The Dim_Citizen table branches out to Dim_CitizenLivingHabits, Dim_CitizenComorbidities, Dim_Contact, and Dim_CitizenDrug. The Dim_CitizenLivingHabits table represents the individuals’ specific unhealthy habits such as smoking, malnutrition, and excessive drinking; it has two foreign keys, citizenId and livingHabitId, which come from the Dim_LivingHabits table that stores the name of those habits and its primary key. The Dim_CitizenComorbidities tables are utilized to store information regarding citizen comorbidities. This table also has a foreign key as comorbidityId, which comes from Dim_Comorbidities, excluding citizenId. The names of the comorbidities are stored in the Dim_Comobidities table. Another branch of the Dim_Citizen table is Dim_Contact, which represents the sick people having been in contact with healthy people, or vice versa. The table includes citizenId as a foreign key, contactId, which is also a foreign key and refers to citizenId and the level of direct contact of people. The last table linked to Dim_Citizen is Dim_CitizenDrug table. This table has citizenId and drugId, which comes from the Dim_Drug table and means the medication and its dosage related to the pandemic, or not related to the pandemic but used by the person routinely.

Health unit

The Dim_HealthUnit dimension table depicts the place where vaccination and testing services are taken. Hence, its attributes are the health unit name, the unit’s address, the district it belongs to, and “healthunitId” as the primary key. Accordingly, it has three branches and is linked to FactCitizenVaccine, Fact_CitizenDiseaseTest, and Dim_District tables.

District

The Dim_District table provides data for the Dim_HealthUnit and Dim_Citizen tables by its primary key, “districtId”. Distinctly, it is fed from the Dim_City table by the foreign key, cityId, which is the primary key of the Dim_City table. It is essential to determine the city to which the district is affiliated due to the importance of the Dim_District table for gathering the statistics on a district, city, or country basis.

Vaccine

The Dim_Vaccine table stores the data about vaccination and feeds the Fact_CitizenVaccine table. It has the name of each vaccine and the primary key, “vaccineId”, per vaccine. The Dim_Vaccine table allows users to obtain statistics about the number, type, and date of vaccinations, health units where they take place, and vaccinated citizens as per the Fact_CitizenVaccine table. The Dim_Vaccine table also helps analyze the distribution of these activities in terms of location.

Disease test

The data about the disease tests are stored in the Dim_Disease dimension table, which covers all types of pandemic tests. Therefore, the data provided to the Fact_CitizenDiseaseTests table can be analyzed from the aspects of disease tests that citizens have had in different health units where the tests take place, and the test dates.

Venue

The venue information appears in the Dim_Venue table with the primary key “venueId”. There are location names and types in this table. Determining contact with the people at risk of being disease-positive is crucial in preventing the spread of the disease and taking precautions. The Dim_Venue table provides data to the Fact_CitizenVenues table, accommodating for numerical analyses such as the number of sick people in a particular region and the number of people at high risk of contracting the disease; thus, playing a vital role in determining the risk-prone zones.

Disease variant

The Dim_DiseaseVariant table depicts the variants of a pandemic disease which may be countless and whose treatments can differ according to the variant types. The table contains the variant names and disease data by diseaseId, which comes from the Dim_Disease table. diseaseId is the primary key of the Dim_Disease dimension table, enabling it to connect with the Dim_DiseaseVariant dimension table.
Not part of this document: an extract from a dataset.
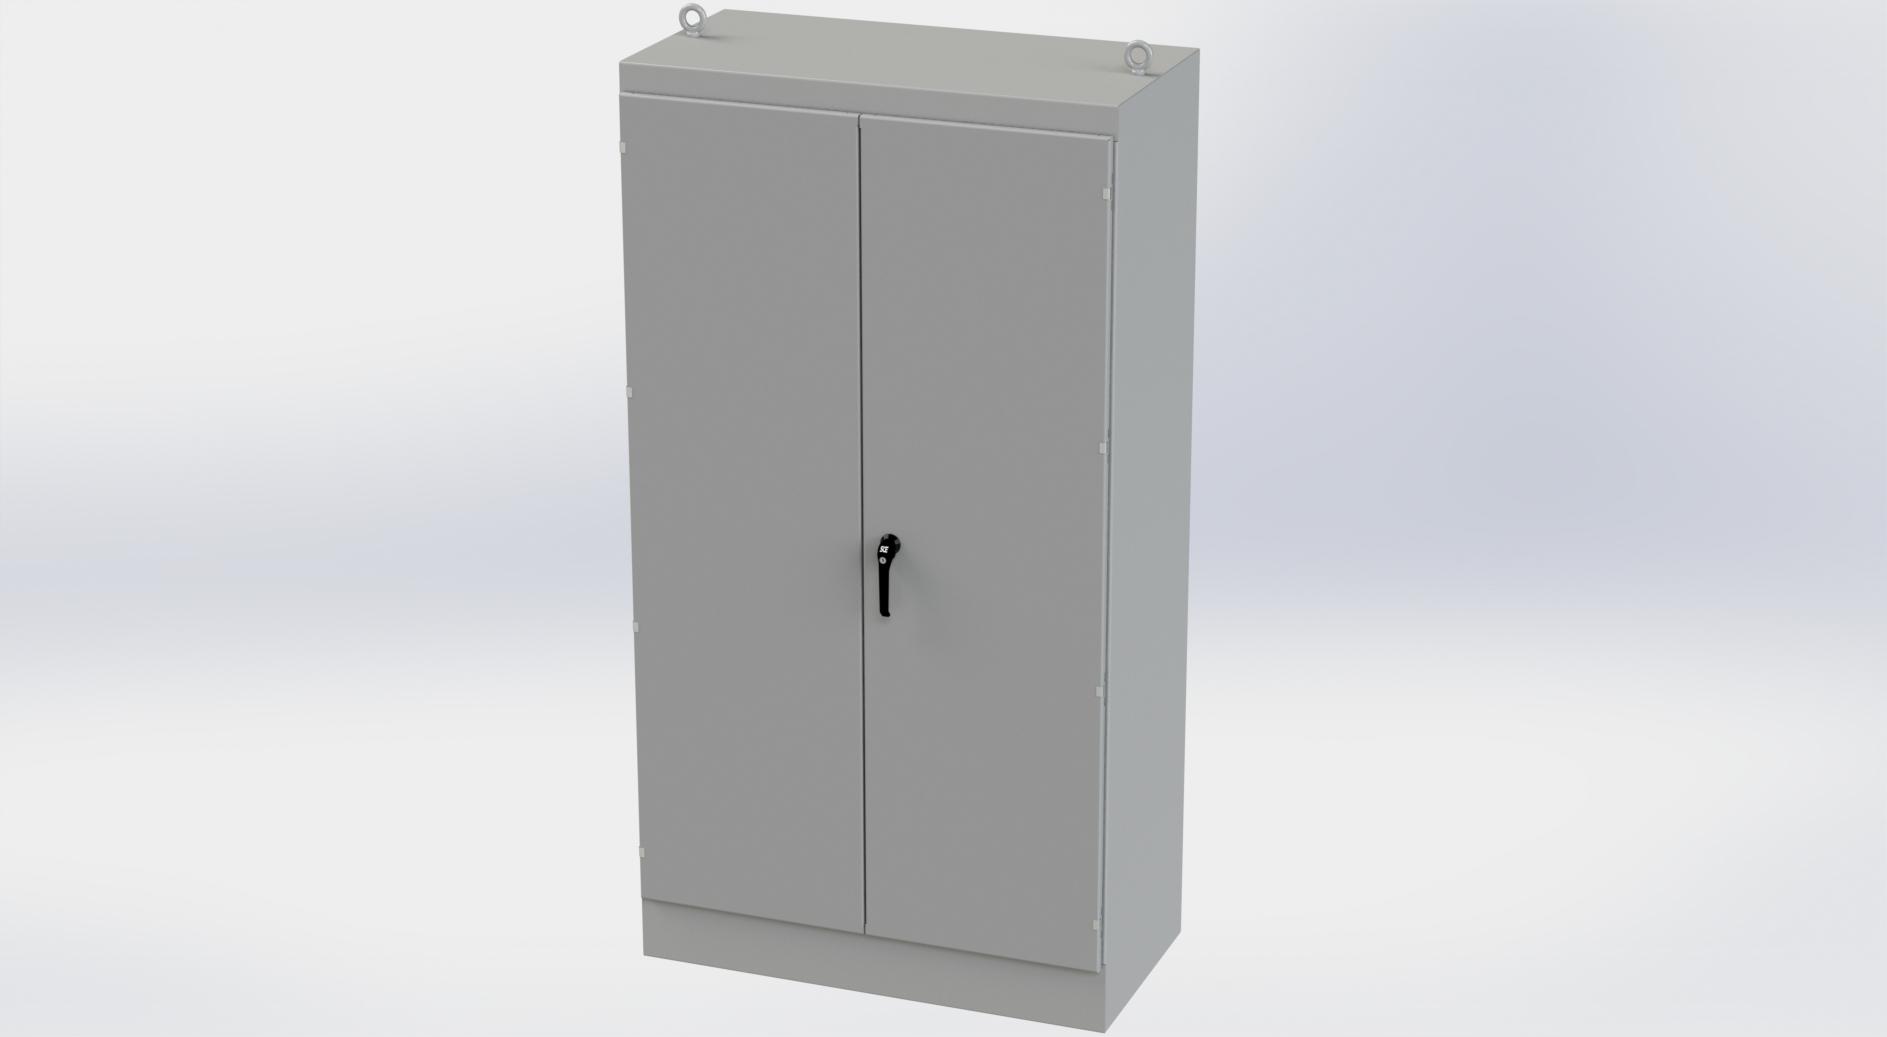 Saginaw Control SCE-904824FSD FSD Enclosure, Height:90.00", Width:48.00", Depth:24.00", ANSI-61 gray finish inside and out. Optional sub-panels are powder coated white.
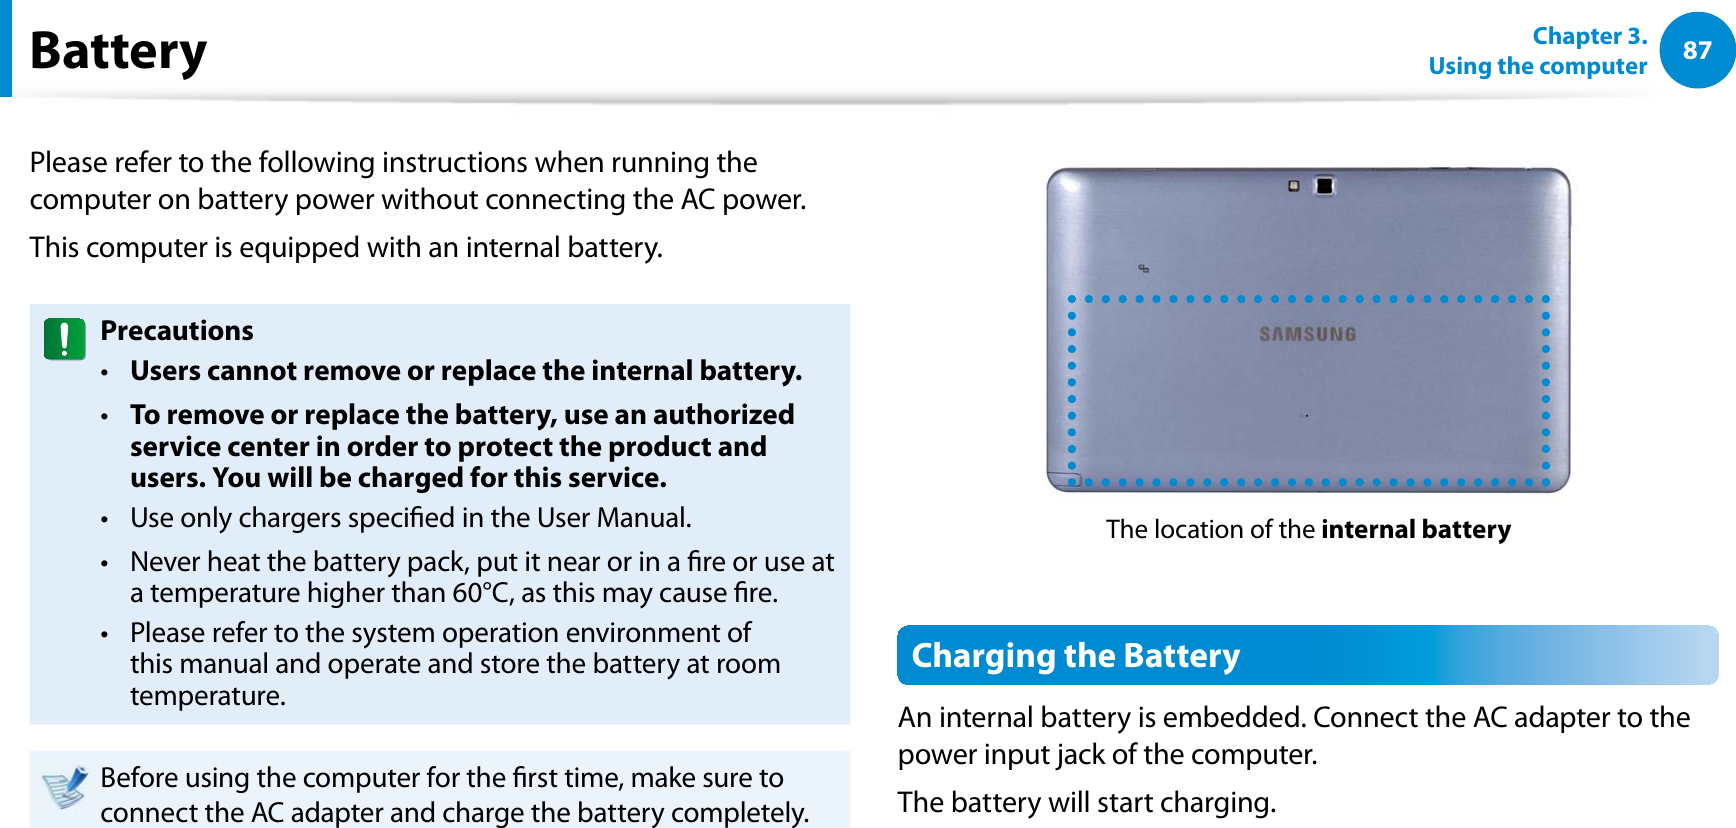 87Chapter 3.  Using the computerBatteryPlease refer to the following instructions when running the computer on battery power without connecting the AC power. This computer is equipped with an internal battery. PrecautionsUsers cannot remove or replace the internal battery. t To remove or replace the battery, use an authorized t service center in order to protect the product and users. You will be charged for this service.Use only chargers specied in the User Manual.t Never heat the battery pack, put it near or in a re or use at t a temperature higher than 60°C, as this may cause re.Please refer to the system operation environment of t this manual and operate and store the battery at room temperature.Before using the computer for the rst time, make sure to connect the AC adapter and charge the battery completely.The location of the internal batteryCharging the BatteryAn internal battery is embedded. Connect the AC adapter to the power input jack of the computer.The battery will start charging.

With the relationship between these two-dimensional tables, numerical analyses such as the number of variants of diseases and the distribution of the variants among the citizens can be made.

Patient status

The patient status shows the stage of the disease in a person. For example, he or she may have never contracted the disease, may have just contracted a new variant, or may have passed away. Since it is a parameter directly related to the patient, it is linked to the Fact_Patient table with the primary key, patientStatusId. The Dim_PatientStatus table allows users to determine how many people are in which condition.

Signs/symptoms

The Dim_SignSymptom dimension table stores the signs or symptoms of the disease. Obviously, symptoms vary greatly; yet those that emerge from the beginning of the outbreak or contracting should be followed up rigorously until they disappear. For this reason, the start and end dates of the symptoms can be followed with the Dim_SignSymptom table, which is connected to the Fact_PatientSignSymptom table by signSymptomId.

Drug

The Dim_Drug table stores the information related to all kinds of medication, even if it is irrelevant to the disease. For example, there might be items that people take routinely and not for the disease in question. Doctors should have enough information about such medication while prescribing new ones for any new disease. Thus, the Dim_Drug dimension table is related to both the Dim_CitizenDrug dimension table and the Fact_PatientDrug fact table. It provides data for them by drugId. The Dim_Drug table is utilized when keeping statistics of the medication used against a given disease.

Quarantine

Actual patients and those in contact with the infected ones have to be in quarantine if they have the disease or are at risk. The types of quarantine can differ according to the disease or its variants. Thus, the Dim_Quarantine dimension table stores the number of days according to the type of quarantine. In addition, it provides data to the Fact_CitizenQuarantine table. Analyses such as the number of citizens in quarantine and its degree of effectiveness in reducing the number of cases can be made with these tables.

Time

The Dim_Time dimension table serves many tables, as the pandemic period is a time-spanned process where each parameter is time-dependent. The timetable provides data directly to 10 different tables and takes data from 4 separate tables. These are Dim_DayOfWeek, Dim_Week, Dim_Month, and Dim_Year. The Dim_Time table provides data to tables that need start–end dates.

Queries

In the proposed multidimensional data warehouse, each datum to be reported is stored in different tables, and the number of tables is relatively high. Therefore, queries are made to gather the related data in different tables. Such queries are multifunctional and can answer basic questions, perform calculations, combine data from different tables, and add, modify, or delete data. In the pandemic data warehouse, many queries can be made as a result of combinations of tables. For example, new patients can be added to the health system; disease processes can be followed, case analyses can be made on a city basis, numerical data can be obtained about disease tests and vaccines, and so on.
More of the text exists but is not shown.